__Available data__:

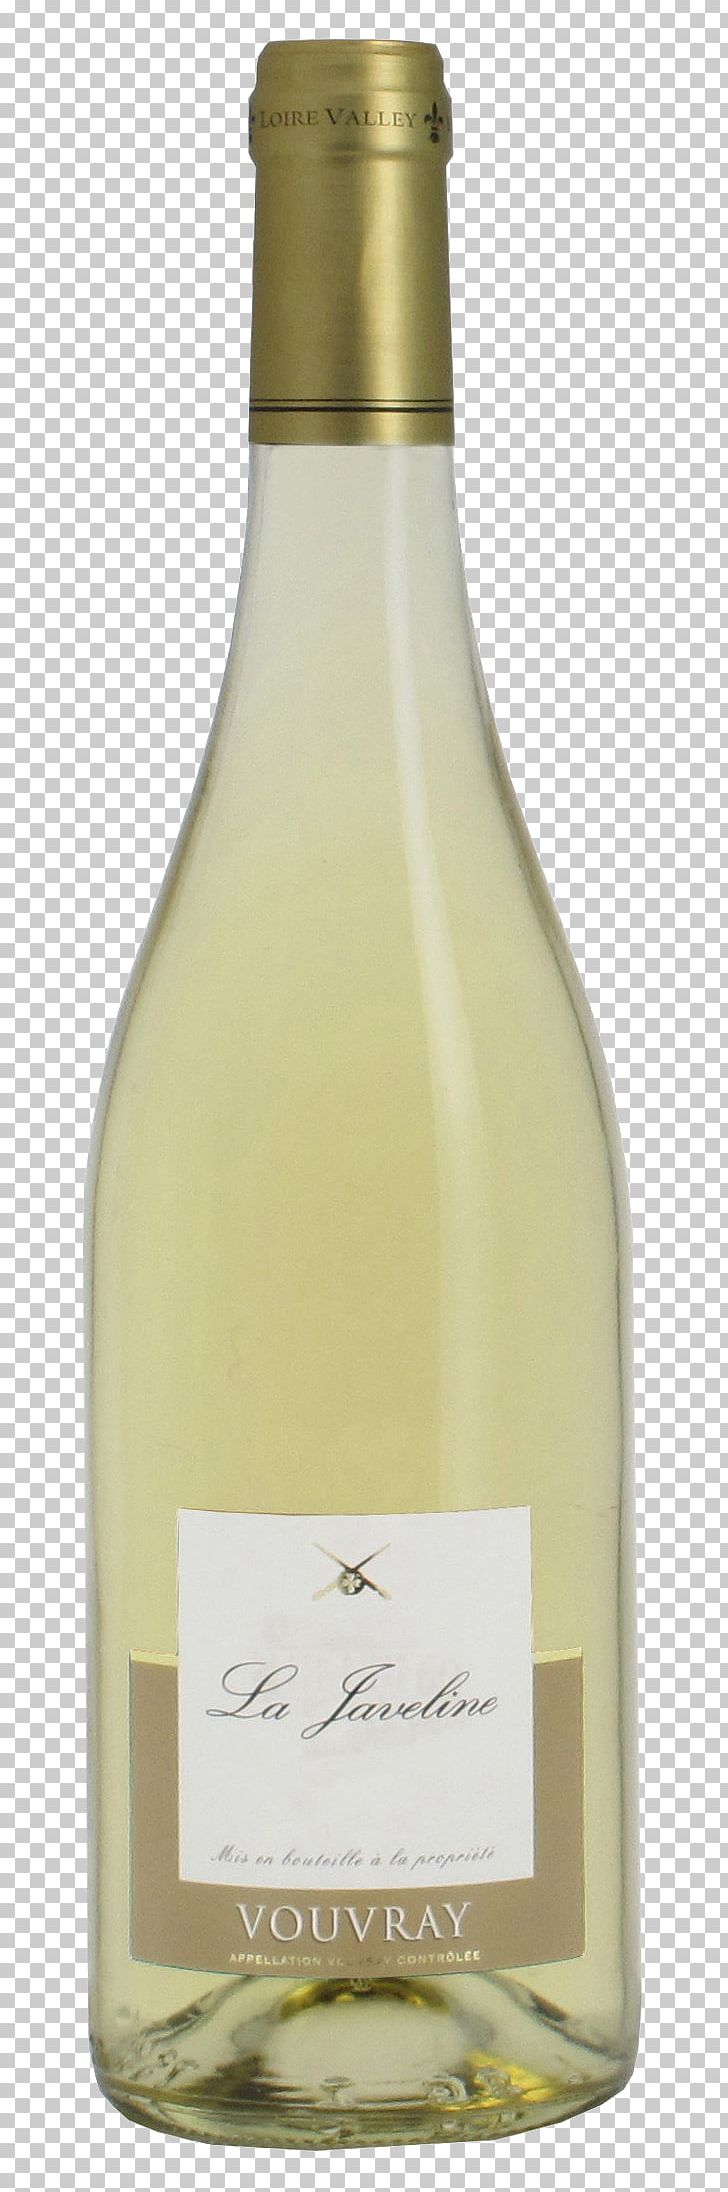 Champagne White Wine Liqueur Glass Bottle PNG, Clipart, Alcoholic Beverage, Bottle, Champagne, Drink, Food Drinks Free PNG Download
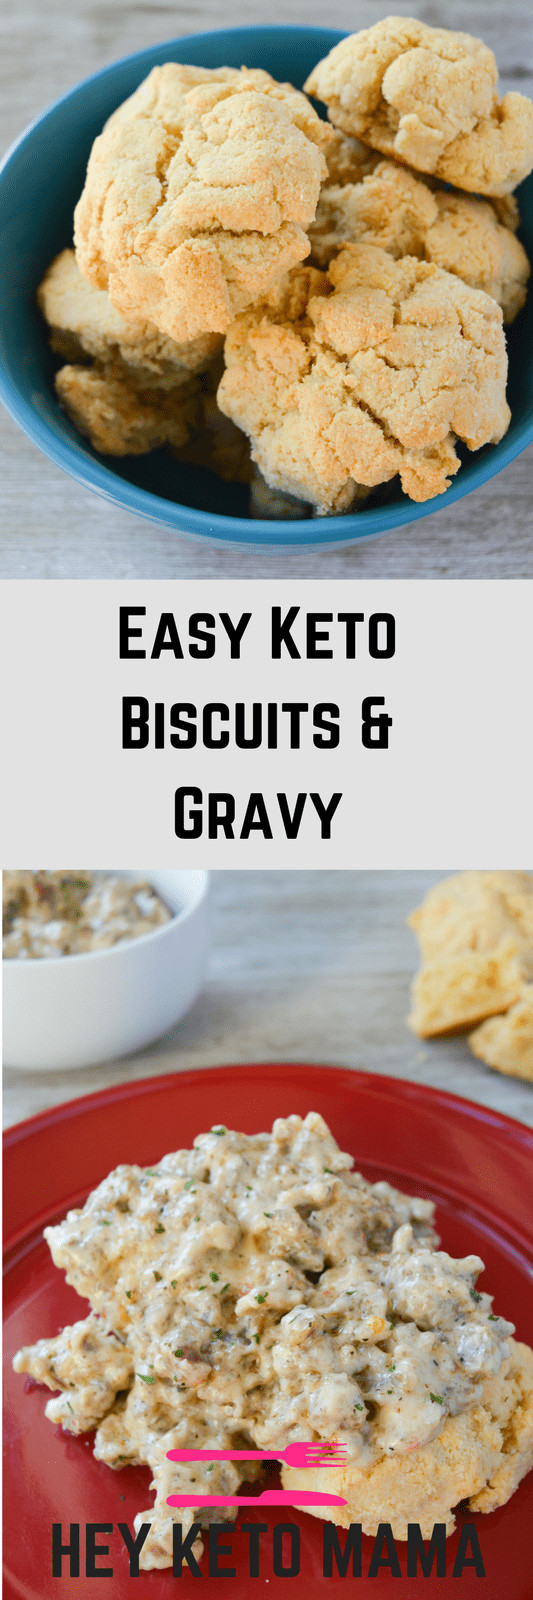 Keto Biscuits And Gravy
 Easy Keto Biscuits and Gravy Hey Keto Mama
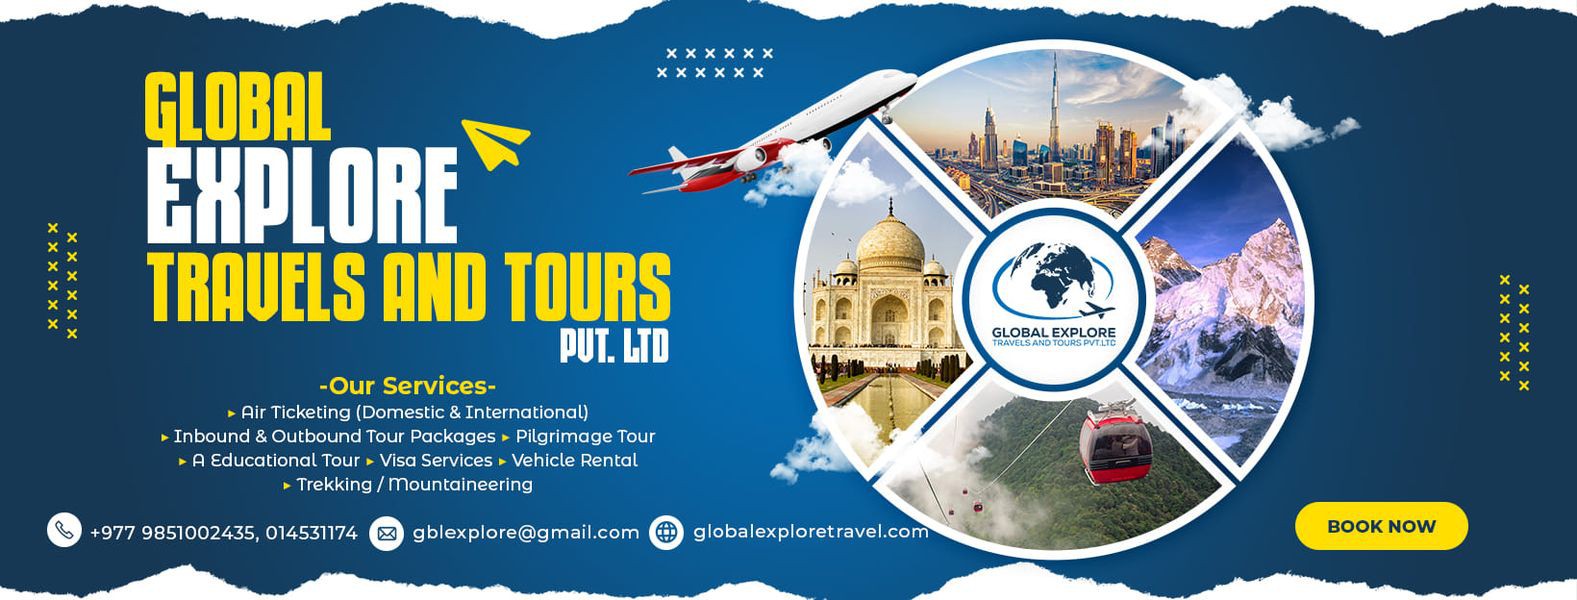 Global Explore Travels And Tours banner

__Work required__: Exclude every picture and restate the listing word for word.

__Answer space__:
 Champagne White Wine Liqueur Glass Bottle PNG, Clipart, Alcoholic Beverage, Bottle, Champagne, Drink, Food Drinks Free PNG Download
 Keto Biscuits And Gravy
 Easy Keto Biscuits and Gravy Hey Keto Mama
 Global Explore Travels And Tours banner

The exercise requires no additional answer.